One possibility is that some degree of residual hippocampal functioning supports the better-than-chance levels of statistical learning observed here. Indeed, we cannot rule out this interpretation as the anoxic patients have some remaining hippocampal volume and Patient 1951 has some remaining tissue in the left posterior hippocampal formation. However, it seems unlikely that such sparse remaining hippocampal tissue, particularly in the case of Patient 1951, is leveraged and recruited in service of statistical learning, when these same patients have such profound and well-documented deficits in other aspects of hippocampal-dependent learning and functioning (e.g., word learning, word list learning, paired associate learning, episodic memory). Another explanation of differences in patient performance across studies relates to differences in working memory ability. LSJ might have been particularly disadvantaged because of her additional impairments in working memory (e.g., LSJ's WMS-WMI = 76 compared with the WMS-WMI of Group M in this study = 95 [range = 85–108]). Future work should explore this possibility. In the meantime, the data here clearly suggest that, although an intact hippocampus, working together with a larger network of brain structures outside the MTL, seems critical for statistical learning levels achieved by most healthy comparison participants, significant hippocampal pathology alone does not abolish such learning.

The learning systems engaged during statistical learning tasks may include BG circuits that operate in parallel with hippocampus in healthy participants. This proposal aligns well with neuroimaging evidence demonstrating both hippocampal and striatal involvement in the same statistical learning task (e.g., Turk-Browne et al., 2009). In healthy individuals, different neural systems may become engaged at different points in time throughout the learning process, with decreased hippocampal involvement and increased frontal and BG activity as learning progresses (Albouy et al., 2008; Opitz & Friederici, 2003, 2004). Paradigms that allow for a continuous measure of learning over time (e.g., Karuza, Farmer, Fine, Smith, & Jaeger, 2014) may offer leverage in identifying changes in hippocampal contributions to statistical learning as the task unfolds. Relatedly, the fact that the patients in our study exhibited better performance in Experiment 2 relative to Experiment 1 may be due to the increased exposure to the stimulus targets (approximately 1.5 times the exposure compared with Experiment 1). Although patient LSJ exhibited relatively stable performance across Experiments 1 and 2, an open question is whether patient performance might be lifted to the level of healthy comparisons (or moved above chance in the case of patients like LSJ) if stimulus exposure was increased even further. Indeed, increased exposure to the stimulus stream has been demonstrated to boost performance in other clinical populations (e.g., Evans et al., 2009).

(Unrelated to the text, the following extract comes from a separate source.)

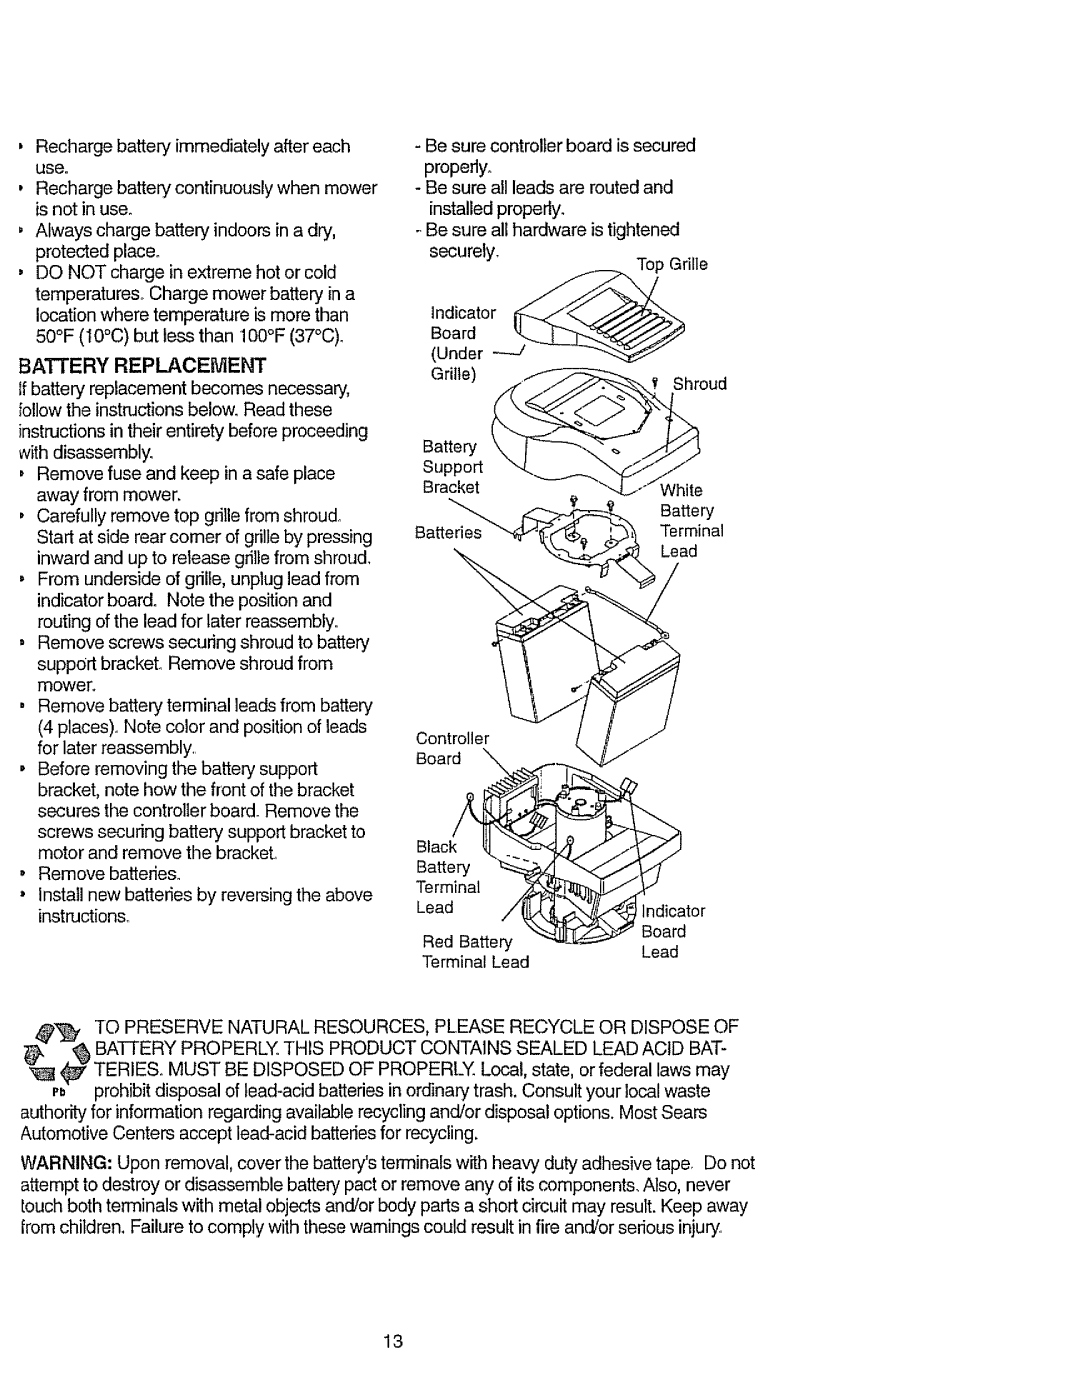 Craftsman 917.386411 manual Alwayschargebatteryindoorsinadry protectedplace, Batteryreplacement

Although individual patients performed at above-chance levels on some versions of Experiments 1 and 2, as a group, patients consistently performed more poorly than comparison participants. One possibility is that patient performance was poorer than healthy comparisons because they completed multiple versions of similar statistical learning tasks (whereas healthy comparisons completed only one), resulting in interference effects. Analysis of order effects suggests that this is unlikely to be the case, as significant order effects were found only in Experiment 5, and in this case, the effect was positive. Focal hippocampal damage appears to be sufficient to disrupt statistical learning ability, as evidenced by a lack of difference in performance between Patient 1951 (with a more extensive MTL damage) and the anoxic patients. In fact, Patient 1951 demonstrated the highest mean performance of any of the patients on 5 of the 16 experimental versions (Experiment 1: shapes and syllables, Experiment 4: scenes and syllables, Experiment 5: shapes). This performance is particularly striking given Patient 1951's consistently poorer performance on Experiment 3. Patient 1951's poorer performance relative to anoxic patients on this item recognition test is expected, given the known role of MTL structures outside the hippocampus in supporting item memory (Eichenbaum, Yonelinas, & Ranganath, 2007; Mayes, Holdstock, Isaac, Hunkin, & Roberts, 2002). It is also notable that patients as a group performed more poorly on the syllable recognition task compared with shape and scene versions. This may be attributed to the difference in stimulus presentation time, with syllable presentation times (0.25 sec) significantly more transient than shapes/scenes (0.5 sec). In any case, the patients' consistently high performance on the shapes and scenes versions of Experiment 3 suggests that difficulties with task demands such as attending to the exposure phase, following task instructions, and making familiarity judgments are not the cause of impaired statistical learning performance.

We also note that, across all tasks and all participants, performance was highly variable. This performance variability in statistical learning tasks has been noted in recent work (Erickson et al., 2016; Siegelman & Frost, 2015) and points to the importance of testing a variety of stimuli and stimulus combinations. We observed striking differences in patient performance depending on the assignment of items to triplets and pairs; notably, patient performance was poorer on the triplet assignments that had been tested with patient LSJ (Experiment 4). Critically, whereas these caveats point to limits in the utility of these tasks for characterizing individual ability, group level comparisons point to a clear role for the hippocampus in the neural network for statistical learning.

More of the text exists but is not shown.